Terror gripped my heart and I stared wildly around into the gloom for more of them. I saw their eyes in the distance appearing and watching. There were so many of them that we didn't stand a chance.

Through the darkness we went. The massive snakes were all around us, closing in. Each had at least one crude weapon. Spears and rocks and knives came hurtling from the darkness and nearly hit us. Then a spear got into the wheels of my chair and wrecked it. I spilled hard onto their paved floor and Fher Fhero Ohr Fheo toppled over my chair. Cory took to the air and beat his wings.

"Leave us alone!" My bird called to the snakes with passion.

"Mates!" One of them hissed.

"Bones, crunchy bones!" Another exclaimed.

"Not your food and we aren't here for sex!" Cory cawed at them.

I crawled into the Hall Of God, followed by my comrades. I was badly bruised up from my fall. Fher Fhero Ohr Fheo said:

"We are safe now. They won't enter here."

"You sound doubtful." Cory landed on my head.

"It won't last long. They will decide to come in after us." Fher Fhero Ohr Fheo predicted. I was helped up and I got myself over the stone slab before us.

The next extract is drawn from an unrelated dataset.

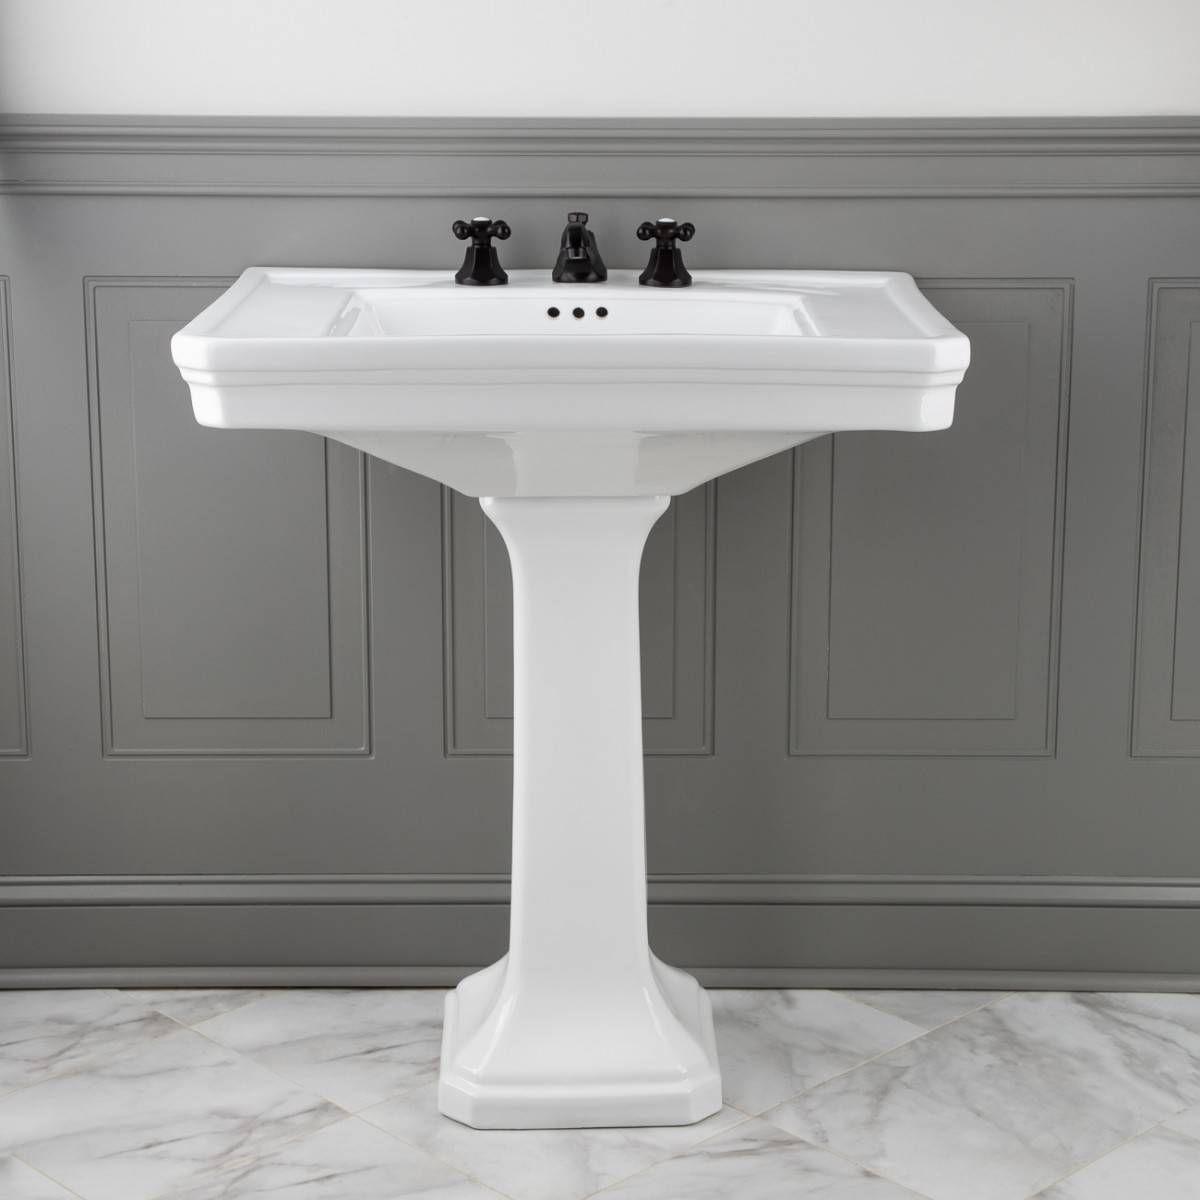 Randolph Morris 30 Inch Pedestal Sink 8 Inch Faucet Drillings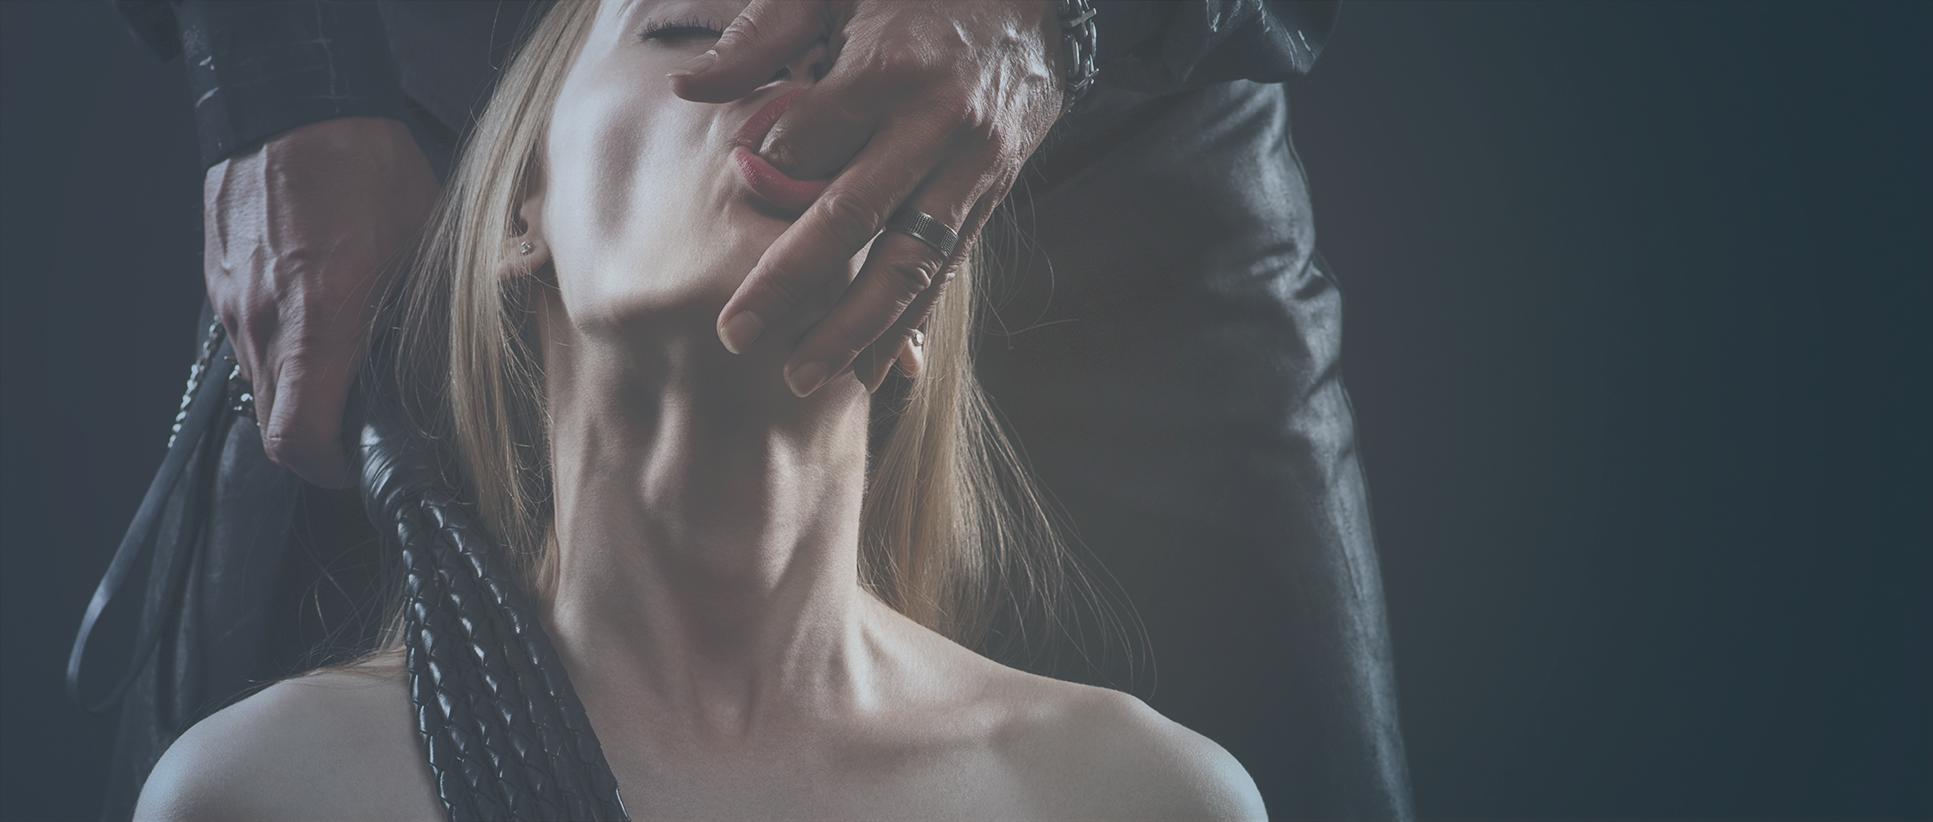 sexo masoquista sexo a dois

I looked around at the Hall Of God. A massive statue of a monstrous dragon-like creature had the stone slab beneath it. The torches were strange purple rods that emitted a glow all around us. There was stone knife meant to be held by inhuman hands. I propped myself up and looked over to see that Fher Fhero Ohr Fheo had lain itself on the table with its scaly chest bared. It used one claw and cut an 'X' shape across part of its torso.

"As soon as I am dead the magic that binds you to this place will release you. You are not completely here and you will be expelled back to where you belong." Fher Fhero Ohr Fheo devised. "Now stab me as deeply as you can and cause my death in this exact place and moment. Hurry!"

I plunged the blade into the creature's heart, where the mark was. It exhaled a kind of reptilian shriek and then the light in its eyes went out. Fher Fhero Ohr Fheo was no more. I could not hold the knife as my hand disintegrated. As it clattered to the floor the serpent creatures came bursting into the Hall Of God demanding cannibalism and mating in loud primal screams.

I was standing with Cory on my shoulder and from my hand was falling the relic. It shattered on the pavement and became as so much glitter and glass dust sparkling in the lights from the street. Then I walked home on weak and wobbly legs. My bullet that was in my spine was somehow gone and I was able to walk, barely. Somehow Fher Fhero Ohr Fheo had done this: repaired me, as it had promised.

"Not all of its words were lies, My Lord." Cory sounded amused at my efforts to walk. I was leaning on everything and placing one foot ahead of the other.

"None of its words were lies." I decided. "It just knew a different and more horrible truth."